Yunguang Li1,*, Fei Kong1,*, Junhao Wang,1 Enze Hu,1 Rui Wang,1 Jin Liu,1 Qianqian Xiao,1 Weiqing Zhang,1 Dacheng He,1 Xueyuan Xiao1

1Key Laboratory of Cell Proliferation and Regulation Biology, Ministry of Education, Beijing Normal University, Beijing, China

*These authors contributed equally to this work

Correspondence to:

Xueyuan Xiao, email: [email protected]

Keywords: S100A7, YAP, Hippo pathway, F-actin, A431

Received: March 10, 2016     Accepted: April 27, 2016     Published: May 19, 2016

ABSTRACT

YAP is an oncogenic transcriptional co-activator and is inhibited by the Hippo pathway. Recent studies have revealed that YAP is also a sensor of cell morphology and cell density and can be phosphorylated by cytoskeleton reorganization.

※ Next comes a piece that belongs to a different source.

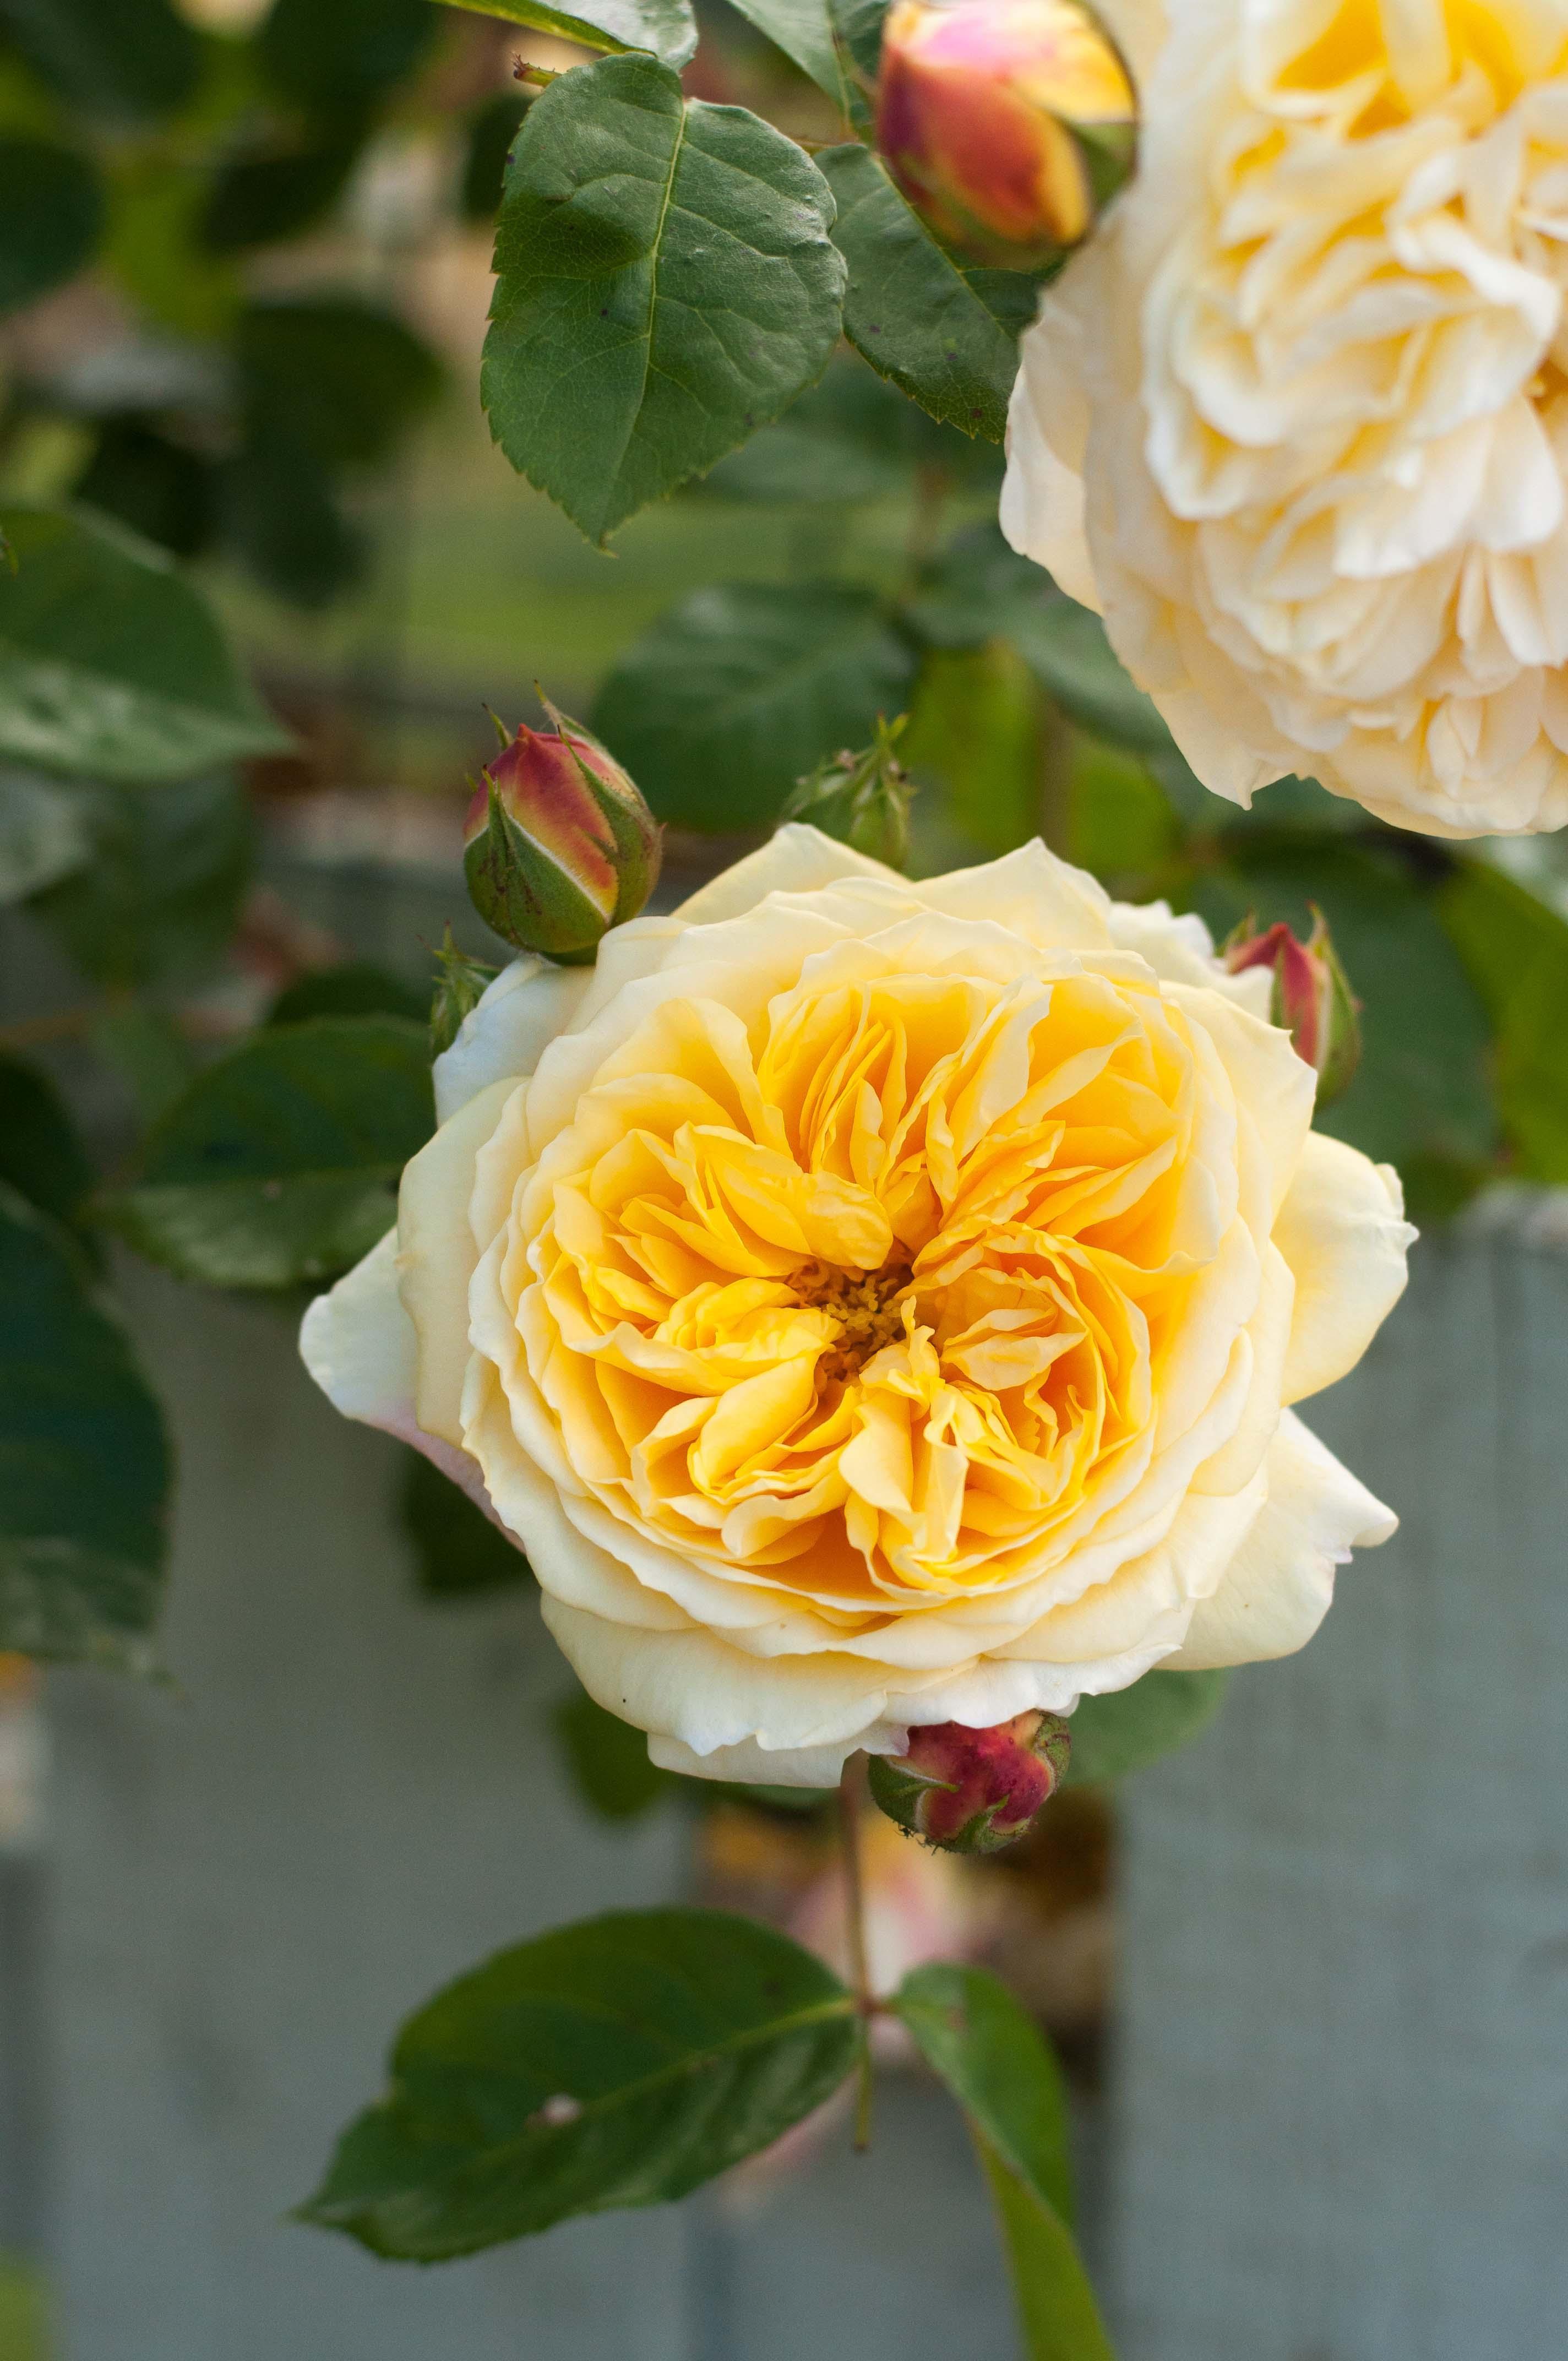 rose-teasing-georgia-2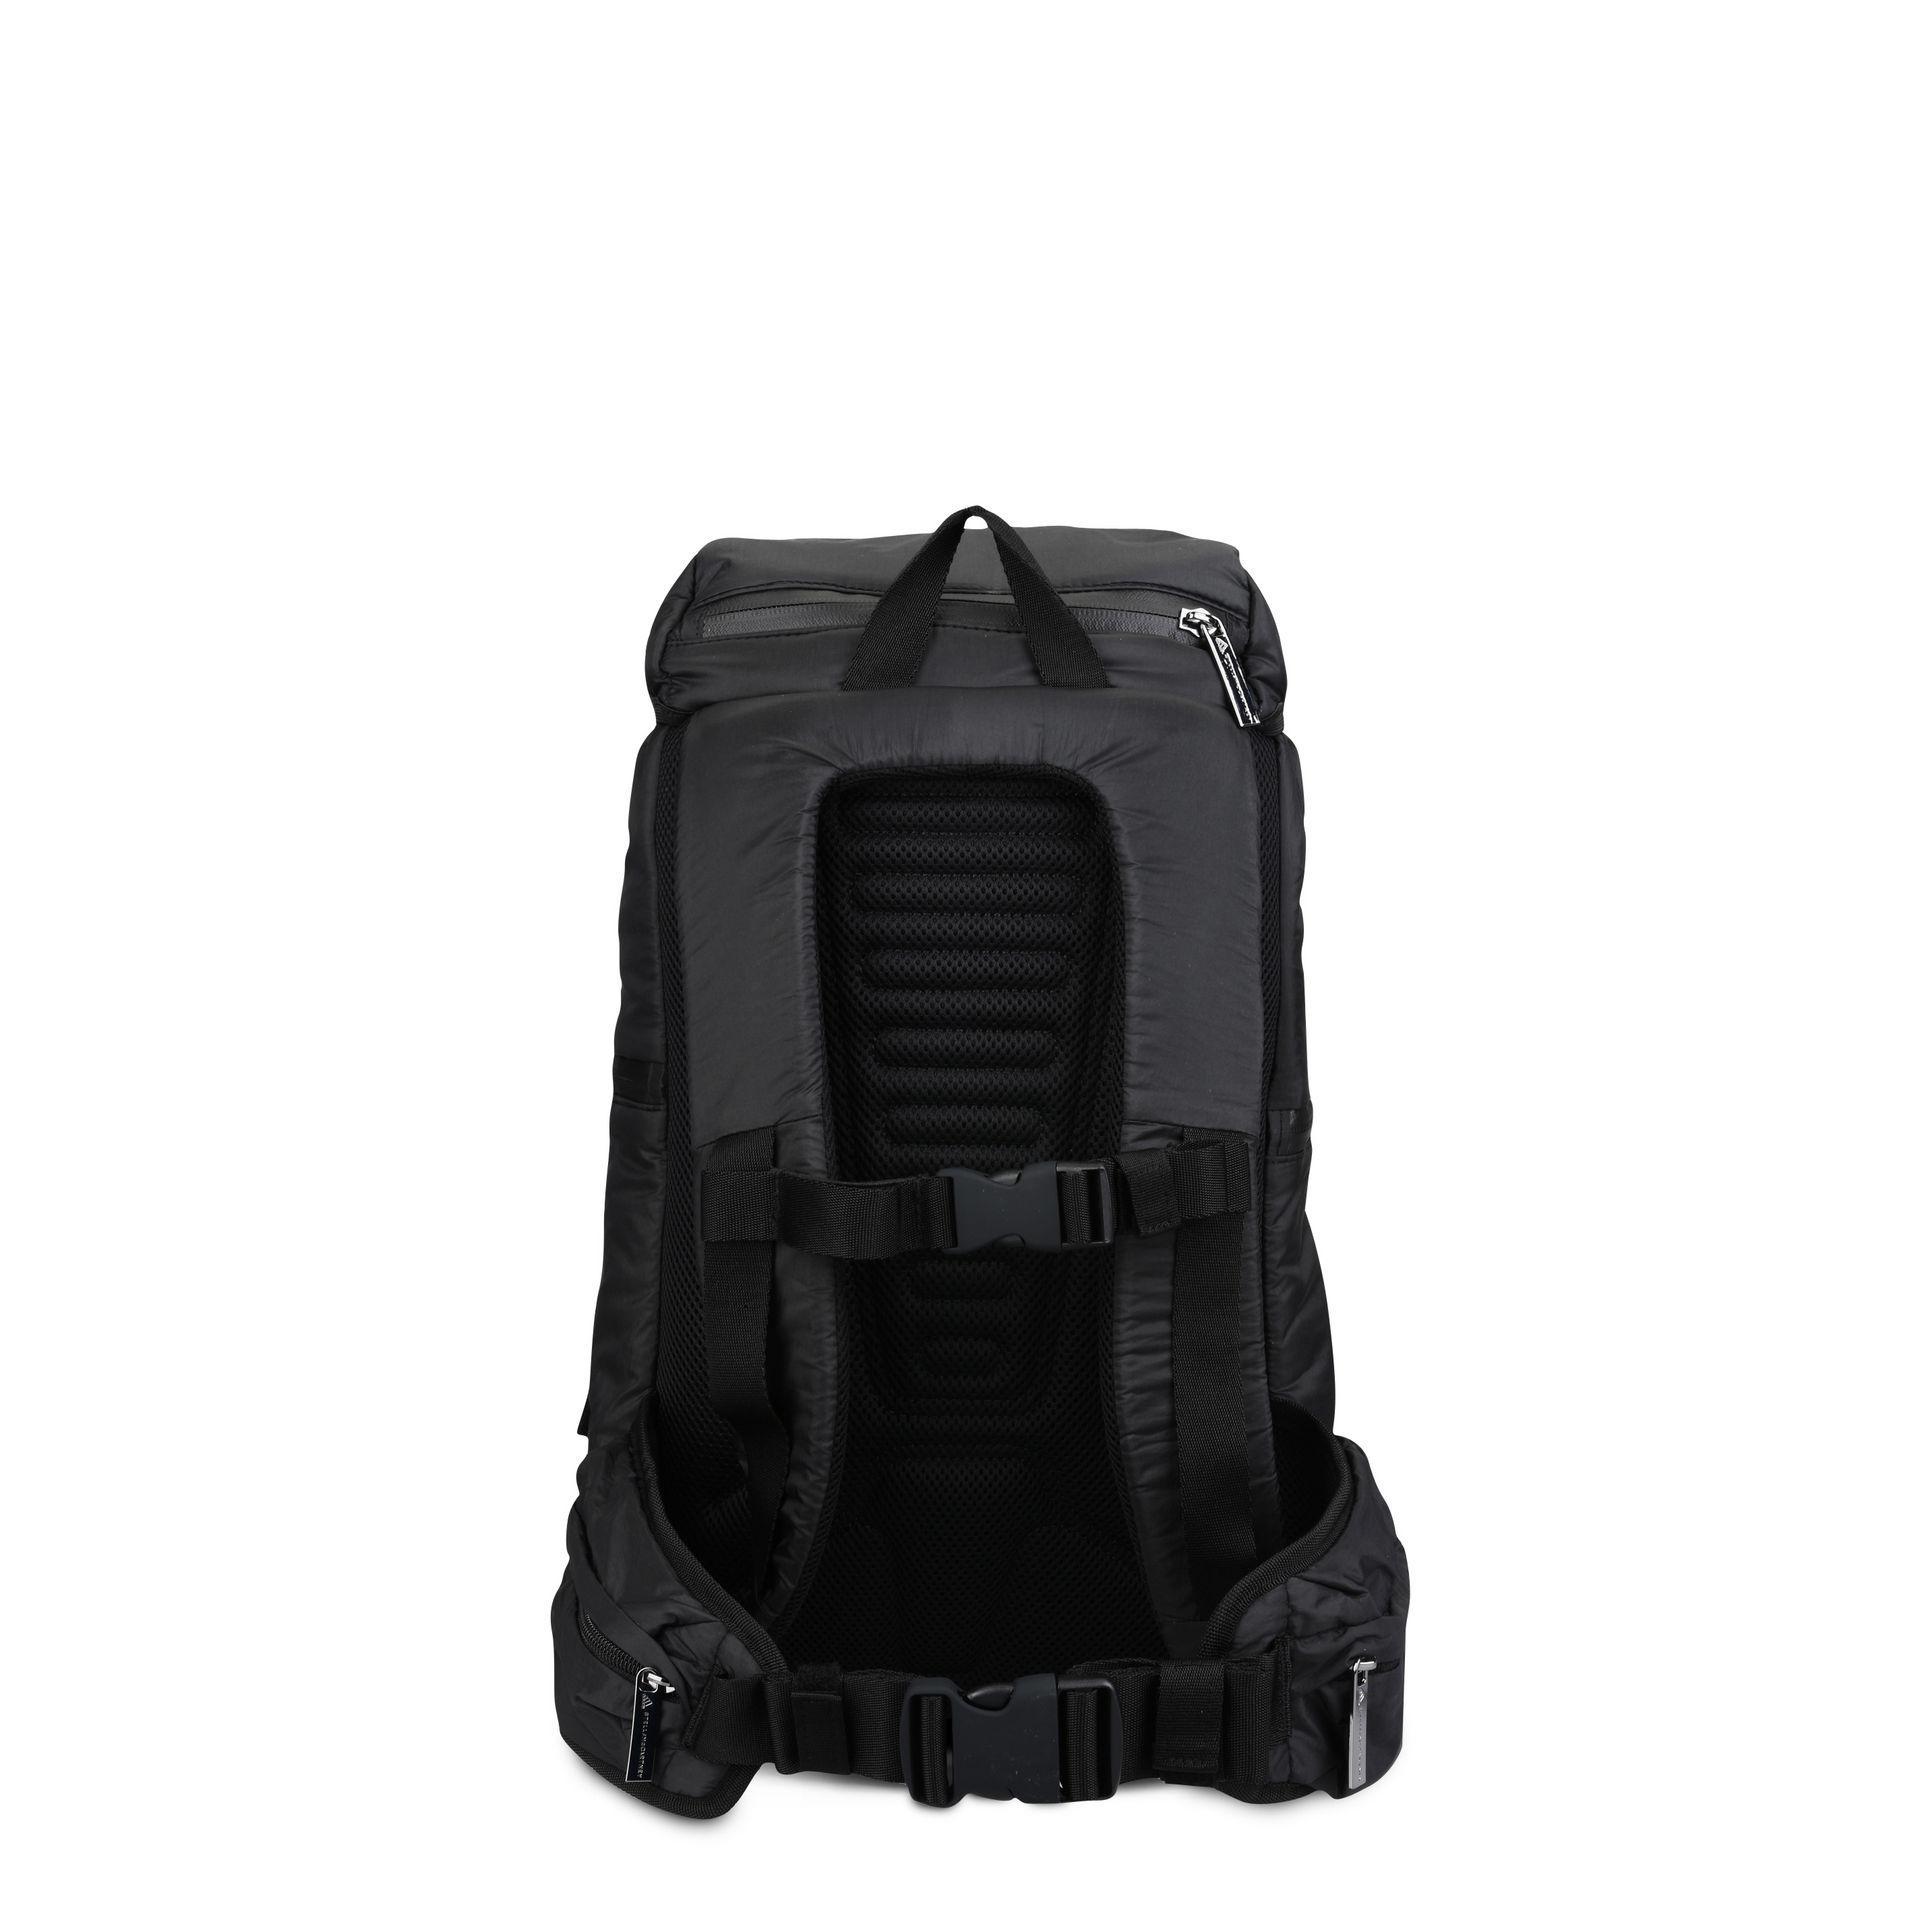 Adidas By Stella Mccartney Running Bags in Black

Our previous study demonstrated that S100A7 was upregulated in several squamous cell carcinoma (SCC) specimens and was dramatically induced in SCC cells by suspension and dense culture as well as in xenografts. However, little is known about how S100A7 induction occurs in cancer cells. Here, we identify that S100A7 induction is accompanied by YAP phosphorylation in both suspended and dense A431 cells. This correlation reverses after recovery of cell attachment or relief from dense culture. Further examination finds that S100A7 induction is repressed by nuclear YAP, which is further validated by activation or inhibition of the Hippo pathway via loss- and/or gain-of- LATS1 and MST1 function. Strikingly, disruption of the F-actin promotes S100A7 expression via YAP by activation of the Hippo pathway. Furthermore, we demonstrate that repression of S100A7 by YAP required TEAD1 transcriptional factor. Taken together, our findings demonstrate for the first time that S100A7 is repressed by YAP via the Hippo pathway.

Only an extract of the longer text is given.